Жильбер вонзил ногти себе в грудь. Полчаса назад на этом самом месте он поцеловал платье и руку этой женщины, и она не рассердилась; здесь он питал надежды, был счастлив! Разумеется, снисходительность девушки проистекала от ее внутренней развращенности, о которой он читал в романах, составлявших основу библиотеки барона, а может быть, от некоего помутнения рассудка, какие описываются в физиологических трактатах.
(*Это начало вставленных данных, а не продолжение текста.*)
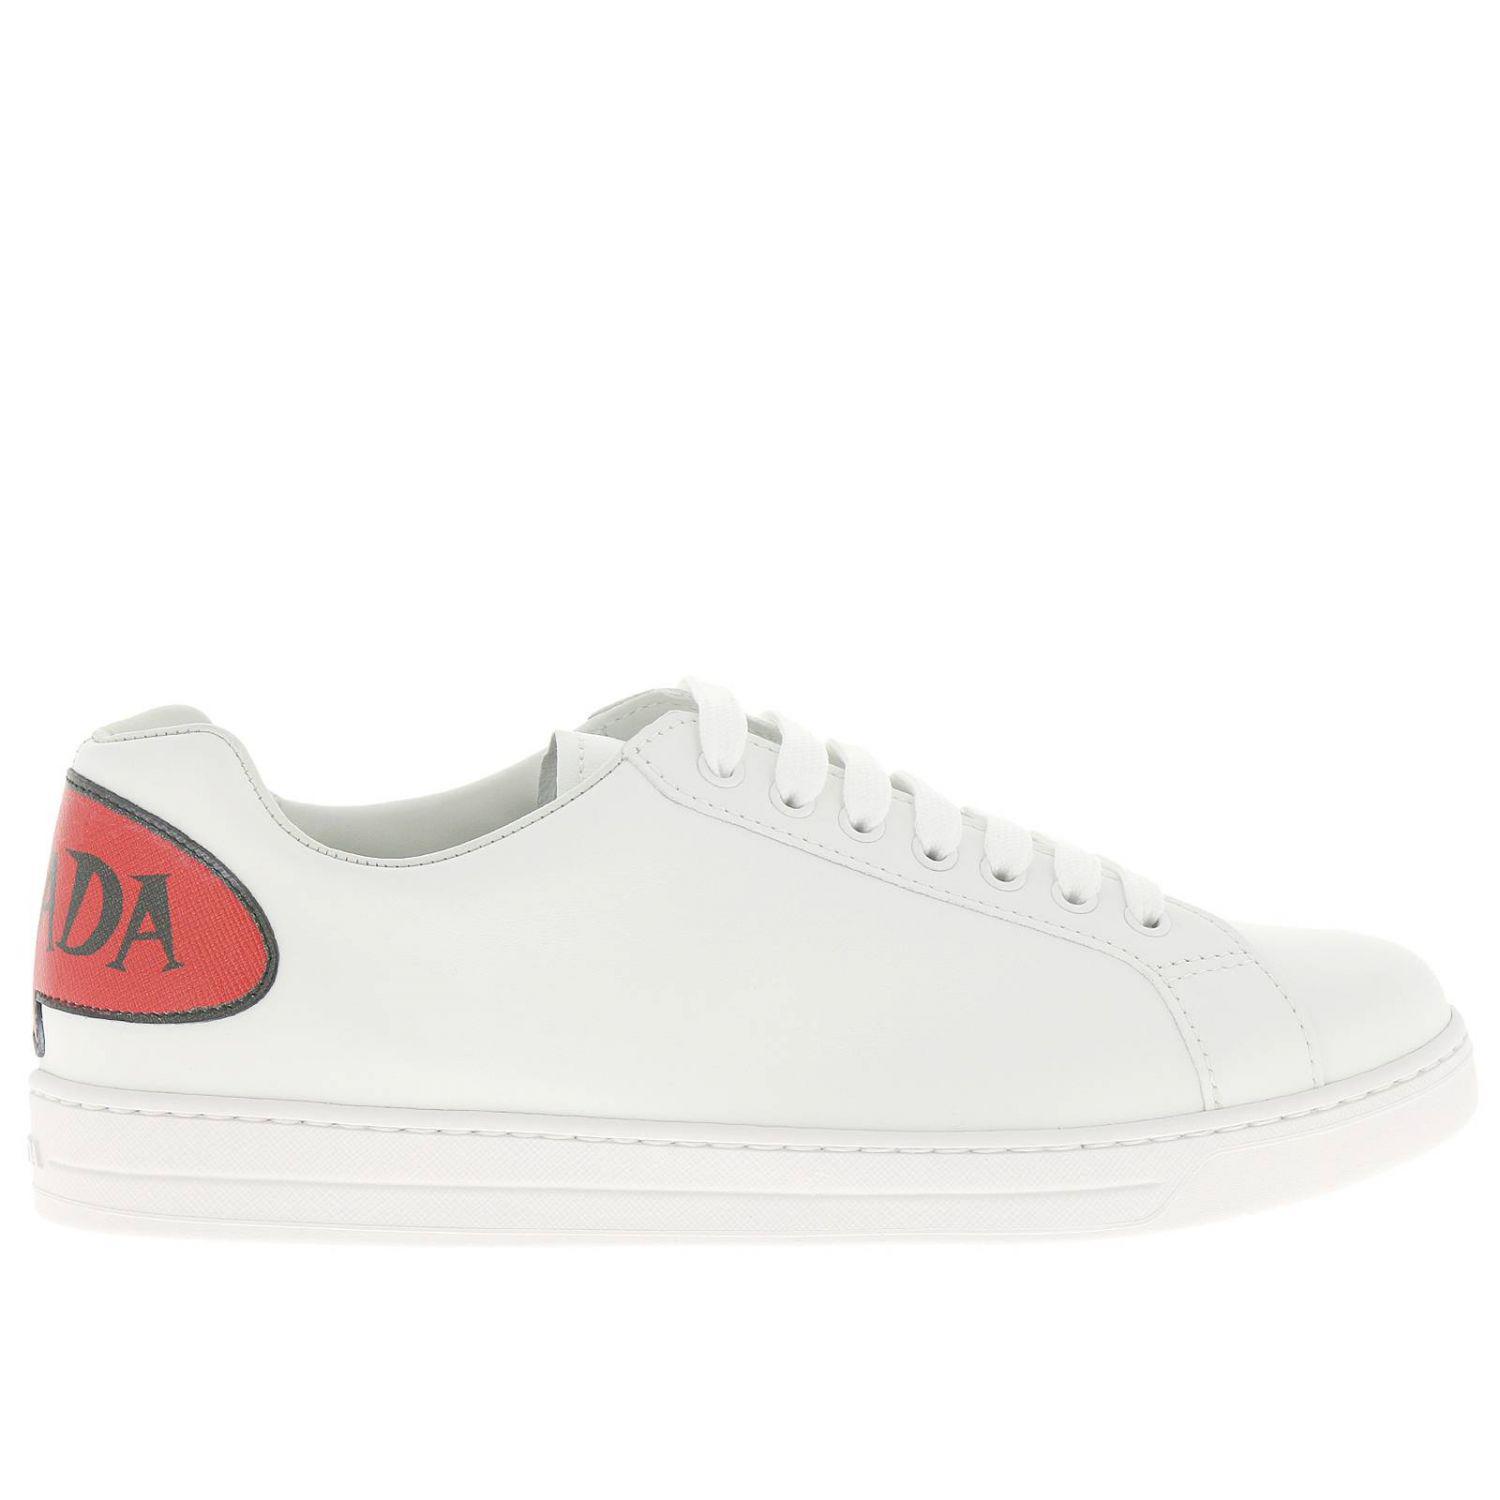 Prada Shoes Leather Trainers Sneakers in White for Men - Save 29

— Ладно же! — бормотал он, мечась от одной из этих мыслей к другой, — если так, то я, как любой на моем месте, воспользуюсь ее развращенностью или заставлю служить себе внезапную игру ее рассудка. И раз этот ангел выбрасывает на ветер одежды своей невинности, то пусть и мне достанется хотя бы несколько лоскутков.
Итак, решение было принято, и Жильбер бросился в гостиную. Но не успел он переступить порог, как из темноты появилась чья-то рука и крепко схватила его за локоть. Жильбер в испуге обернулся, ему показалось, что сердце сейчас выскочит у него из груди.
— Ну, на сей раз я поймала тебя, бесстыдник! — послышался разъяренный шепот. — Попробуй, скажи теперь, что ты не назначаешь ей свидания, что ты ее не любишь!
У Жильбера не хватило сил даже на то, чтобы вырвать свою руку из цепкой хватки. Однако на самом деле хватка эта была не такая уж мощная: страшные тиски были лишь девичьей ручкой. Жильбера взяла в плен Николь Леге.
— Позвольте, что вам нужно? — раздраженно, но тихо спросил он.
— Так ты хочешь, чтобы я громко сказала, на что это похоже? — во весь голос осведомилась Николь.
— Да нет, я хочу, чтобы ты замолчала, — сквозь зубы ответил Жильбер и потащил девушку в прихожую.
— Ладно, тогда иди за мной.
Именно к этому Жильбер и стремился: следуя за Николь, он удалялся от Андреа.
— Будь по-вашему, иду, — отозвался он.
Он и в самом деле шел за Николь, которая, приведя его в цветник, закрыла за собой дверь.
— Но ведь мадемуазель скоро придет к себе в спальню и позовет вас, чтобы вы помогли ей лечь, а вас не будет на месте, — проговорил Жильбер.
— Если вы думаете, что сейчас меня это волнует, вы глубоко ошибаетесь. Что мне за дело — позовет она меня или нет! Мне нужно с вами поговорить.
— Быть может, вы лучше скажете мне завтра все, что хотите сказать. Мадемуазель строга, и вы это знаете.
— О да, ведь это я советую ей быть построже, и особенно со мной!
— Николь, завтра, я вам обещаю…
— Он обещает! Знаю я, чего стоят твои обещания и как на них можно положиться! Не ты ли обещал ждать меня сегодня в шесть у флигеля Мезон-Ружа? А где ты был на самом деле? Совсем в другом месте, занимался своим путешественником. Твои обещания! Теперь я верю в них не больше, чем в обещания нашего духовника в монастыре Благовещения: он поклялся хранить тайну исповеди, а сам докладывал настоятельнице о всех наших прегрешениях.